The chemoreceptor reflex can also oscillate to give the same type of waves. This reflex usually oscillates simultaneously with the baroreceptor reflex. It probably plays the major role in causing vasomotor waves when the arterial pressure is in the range of 40 to 80 mm Hg because in this low range, chemoreceptor control of the circulation becomes powerful, whereas baroreceptor control becomes weaker.
Oscillation of the CNS Ischemic Response. The record in Figure 1A resulted from oscillation of the CNS ischemic pressure control mechanism. In this experiment, the cerebrospinal fluid pressure increased to 160 mm Hg, which compressed the cerebral vessels and initiated a CNS ischemic pressure response up to 200 mm Hg. When the arterial pressure rose to such a high value, the brain ischemia was relieved and the sympathetic nervous system became inactive. As a result, the arterial pressure fell rapidly back to a much lower value, causing brain ischemia once again. The ischemia then initiated another rise in pressure. Again the ischemia was relieved and again the pressure fell. This response repeated itself cyclically as long as the cerebrospinal fluid pressure remained elevated.
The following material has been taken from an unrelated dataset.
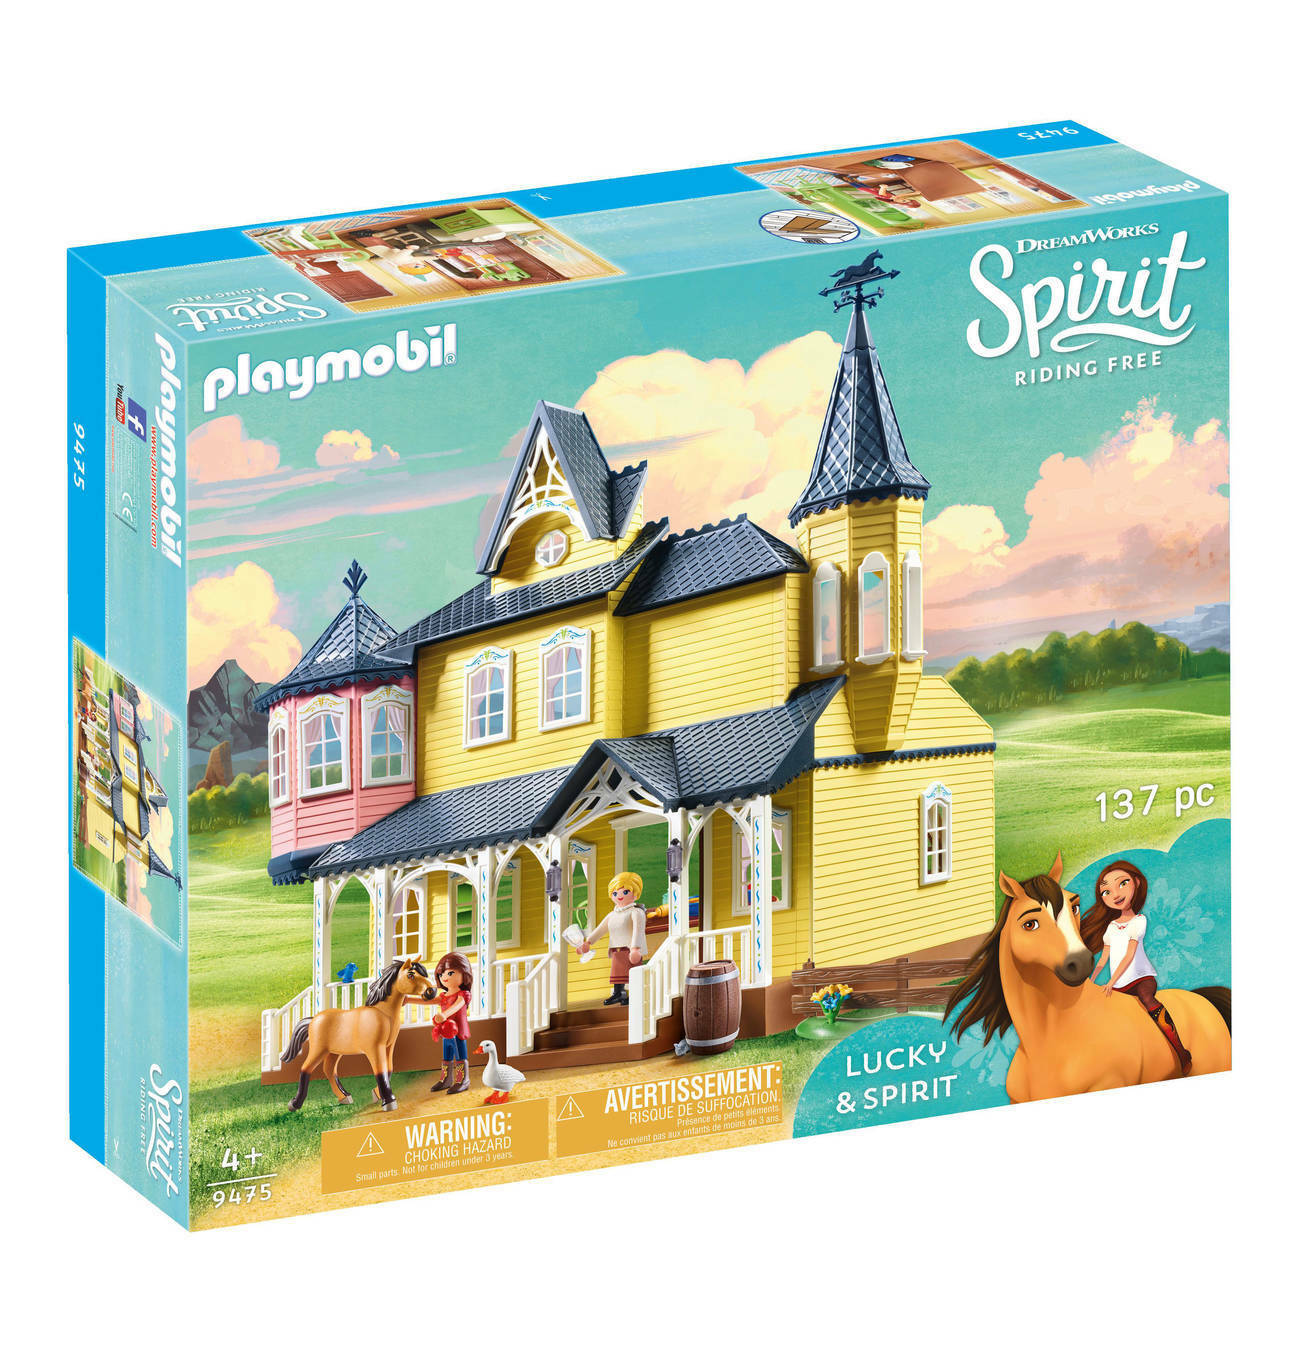 PLAYMOBIL 9475 BOTTIGLIA SPIRITO Riding libero agriturismi 100% NUOVI/SIGILLATI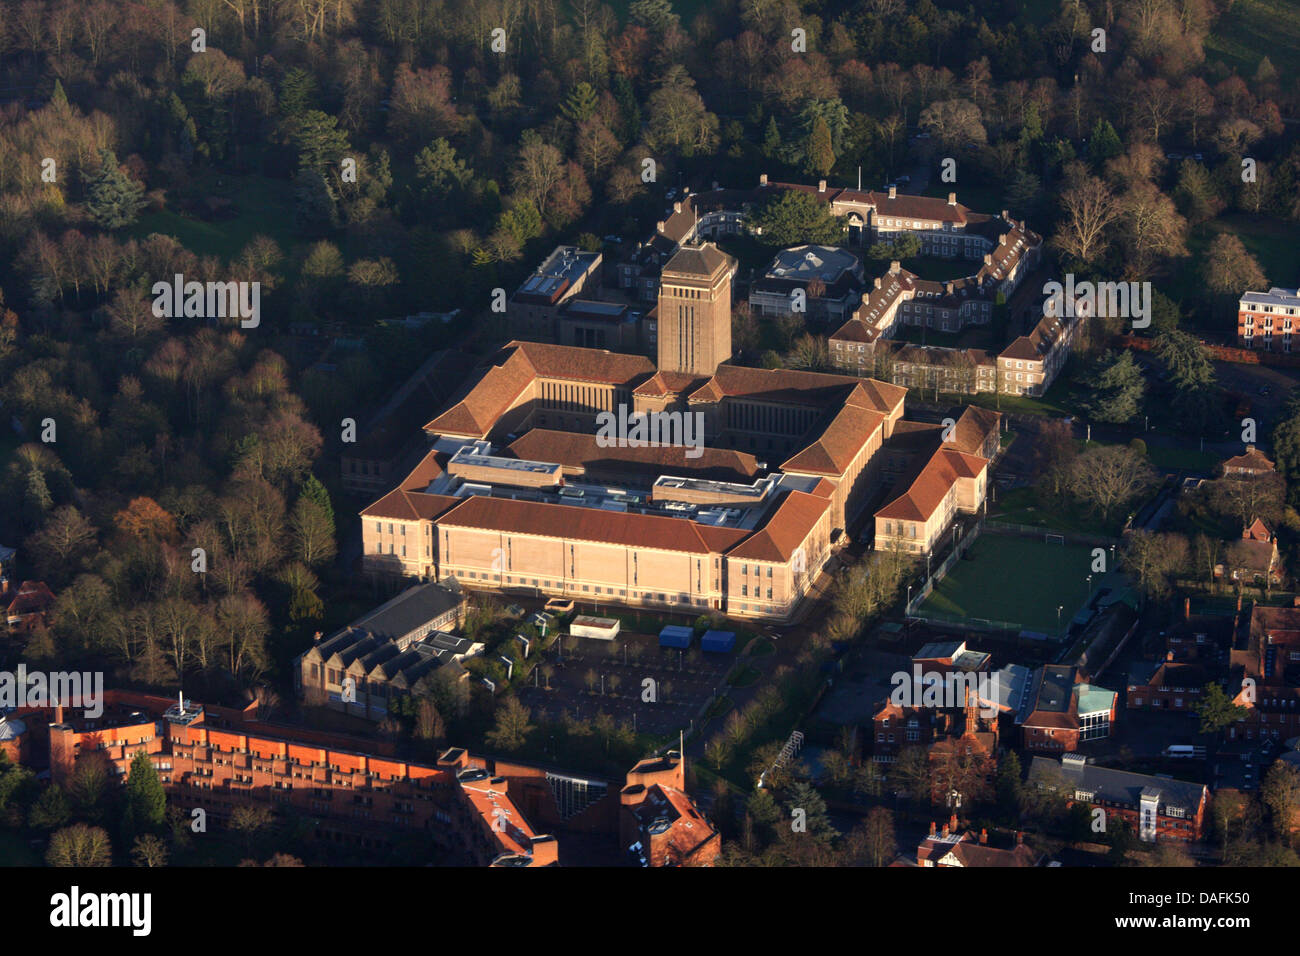 University Library, Cambridge - Stock Image

Thus, any reflex pressure control mechanism can oscillate if the intensity of “feedback” is strong enough and if there is a delay between excitation of the pressure receptor and the subsequent pressure response. The vasomotor waves illustrate that the nervous reflexes that control arterial pressure obey the same principles as those applicable to mechanical and electrical control systems. For instance, if the feedback “gain” is too great in the guiding mechanism of an automatic pilot for an airplane and there is also delay in response time of the guiding mechanism, the plane will oscillate from side to side instead of following a straight course.